Reputation: 187
Good day everyone
Take this dataset:
df <- tibble(
id = 1:1000,
smoking = sample(c(TRUE, FALSE), length(id), prob = c(0.2,0.8), replace = TRUE),
age = rnorm(length(id), mean = 60, sd = 10)
)
I want to add another logical variable lung_cancer
to the dataframe where the TRUE
or FALSE
are assigned through probability distribution that is calculated based on the patients smoking
and age
status
I understand that this requires looping over each index, and I can manage to do it using For()
loop so I wrote the following:
df$lung_cancer <- vector("logical", length(id))

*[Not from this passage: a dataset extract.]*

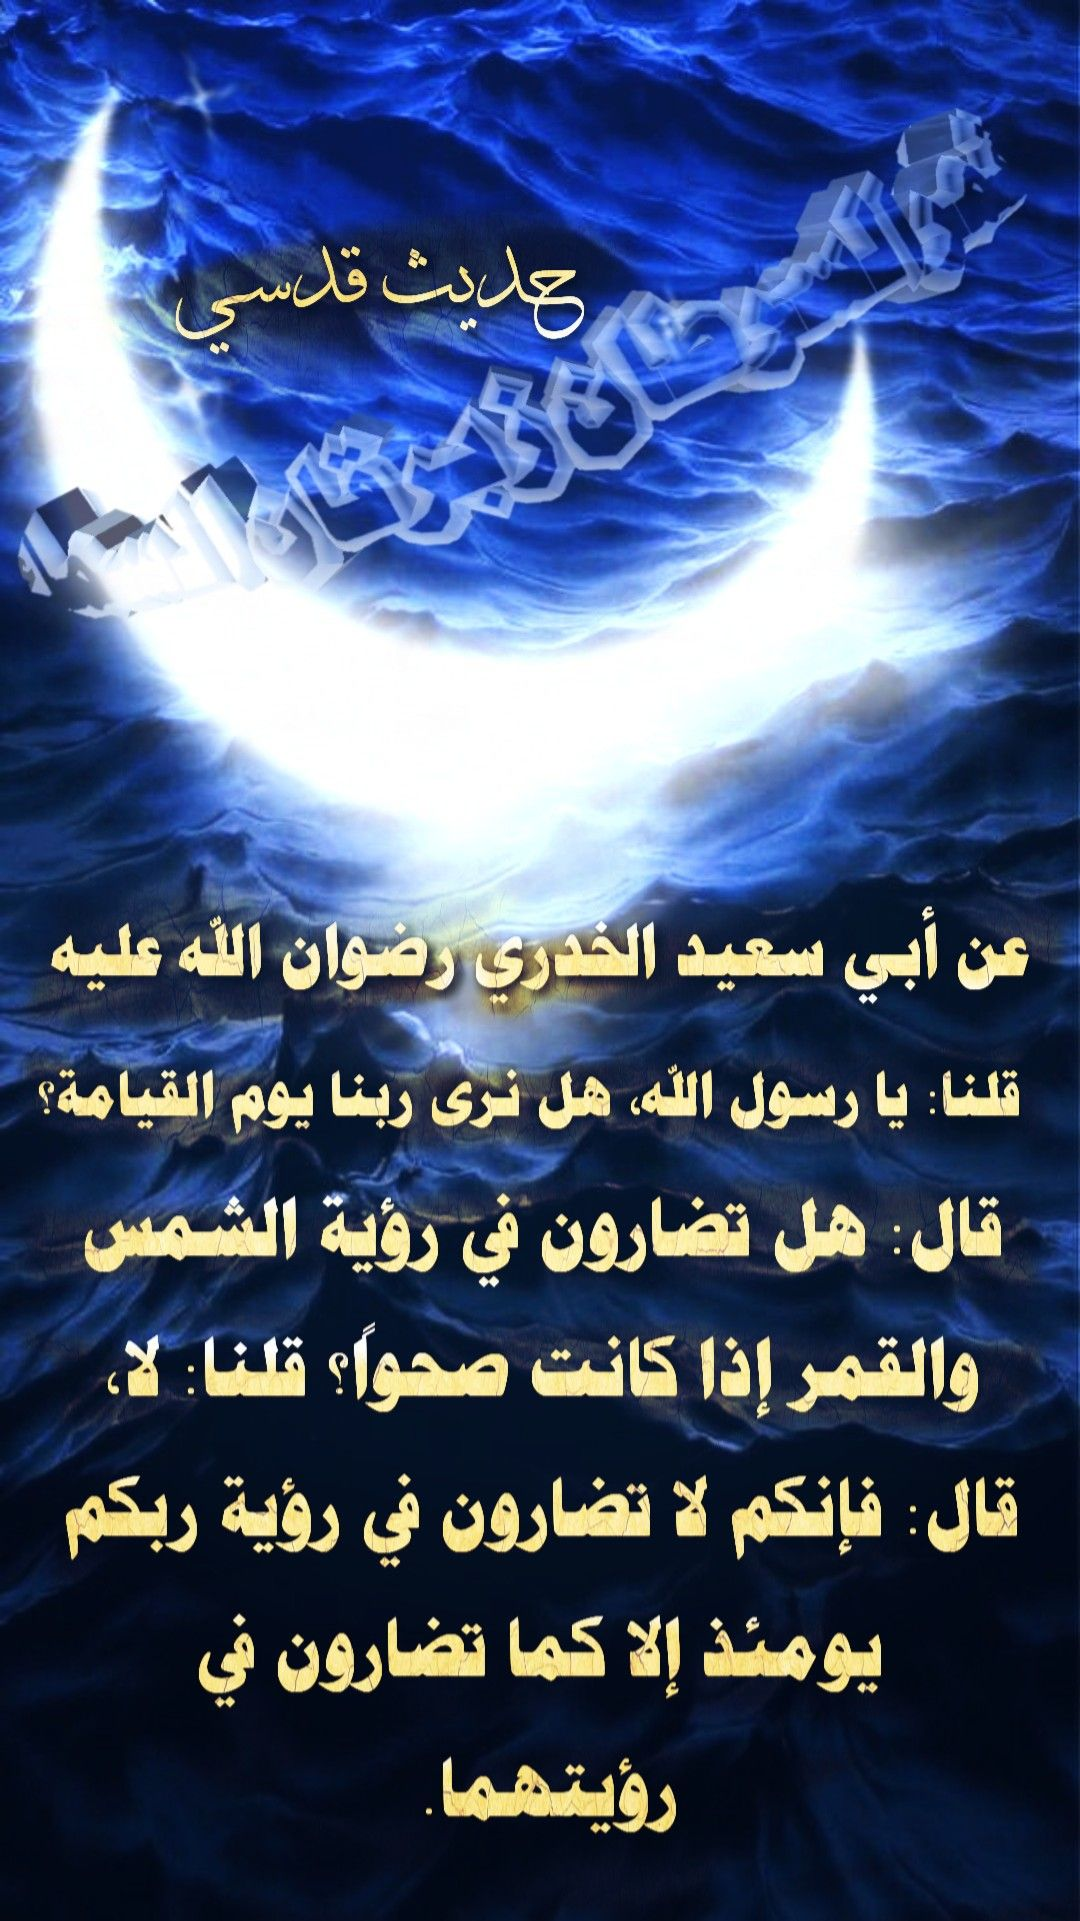 Pin By صياح الحمصي On محمد رسول الله صلى الله عليه واله Movie Posters Poster Movies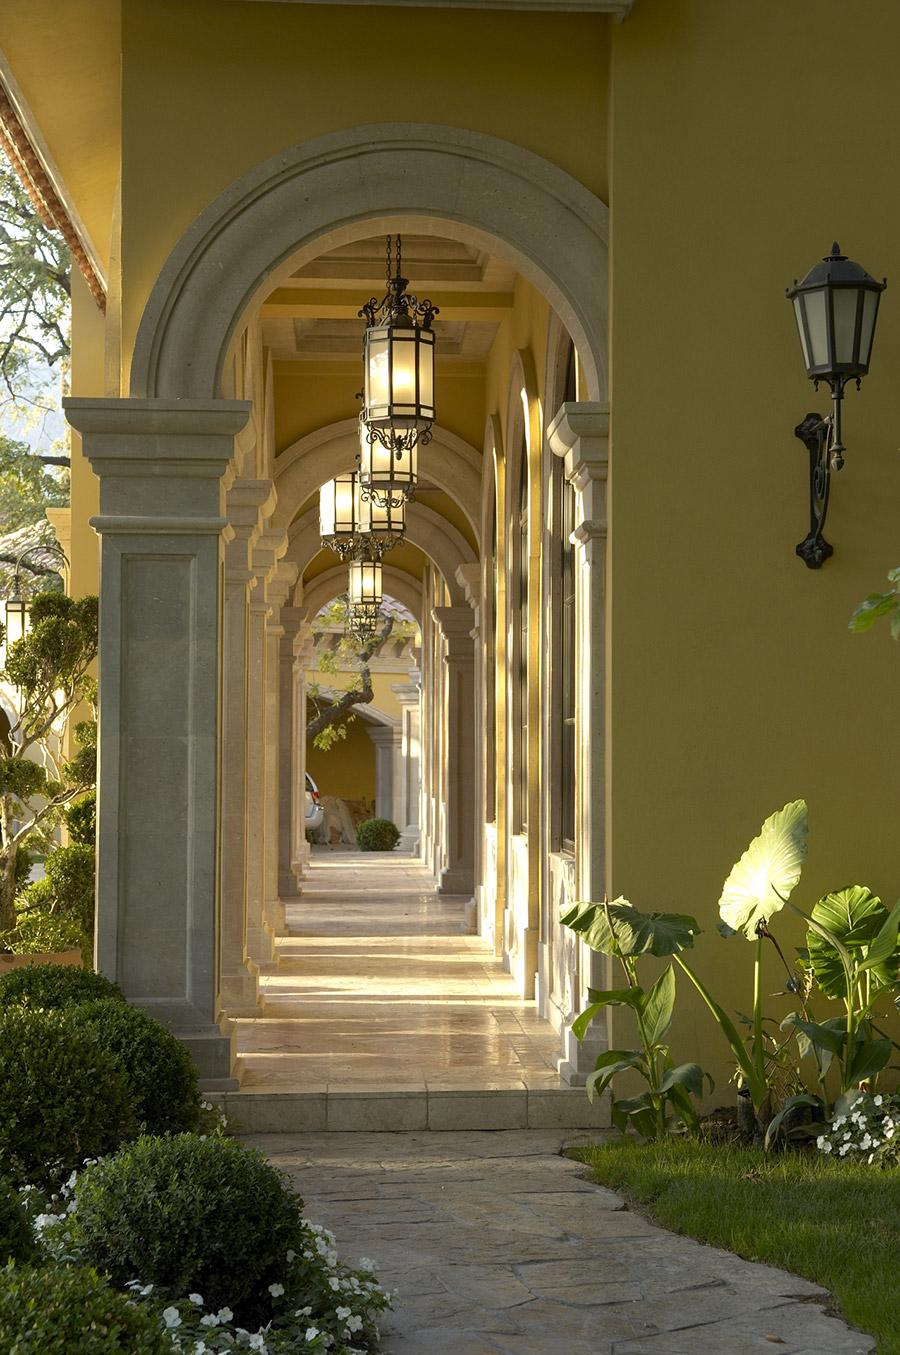 Alexandria-OLS-CLA-F-006-classic-outdoor-Steel-Wall-Mount-Lighting-Santa-Barbara-Residence-(2)

for (i in seq_along(df$lung_cancer)) {
df$lung_cancer[[i]] = if_else(df$age[[i]] > 50, case_when(
df$age[[i]] > 50 & df$smoking[[i]] == TRUE ~ sample(c(TRUE, FALSE), 1, prob = c(0.05, 0.95)),
df$age[[i]] > 50 & df$smoking[[i]] == FALSE ~ sample(c(TRUE, FALSE), 1, prob = c(0.001, 0.999))
), FALSE
)
}
Now I find this to be too verbose, is there any concise way to write this with mutate()
function and purrr
package or any other way (preferably from tidyverse
package collection)?
Upvotes: 1
Views: 193
Reputation: 2414
data.table
allows you to mutate a portion of a column. This way the samples can be generated only twice instead of 1000 times.
library(data.table)
set.seed(42)
df <- data.table(
id = 1:1000,
smoking = sample(c(TRUE, FALSE), length(id), prob = c(0.2,0.8), replace = TRUE),
age = rnorm(length(id), mean = 60, sd = 10)
) %>%
.[, lung_cancer := FALSE] %>%
.[age > 50 & smoking, lung_cancer := sample(c(TRUE, FALSE), .N, prob = c(0.05, 0.95), replace = TRUE)] %>%
.[age > 50 & !smoking, lung_cancer := sample(c(TRUE, FALSE), .N, prob = c(0.001, 0.999), replace = TRUE)] %>%
.[]
df[, .(.N, lc = sum(lung_cancer)), keyby = smoking]
smoking N lc
1: FALSE 804 2
2: TRUE 196 5
I put a "report" at the end.
(You can convert your tibble to a data.table with setDT()
instead, if necessary)
Upvotes: 0
Reputation: 24149
The case_when()
function should be all you needed, but it does not seem to re-evaluating for each TRUE event.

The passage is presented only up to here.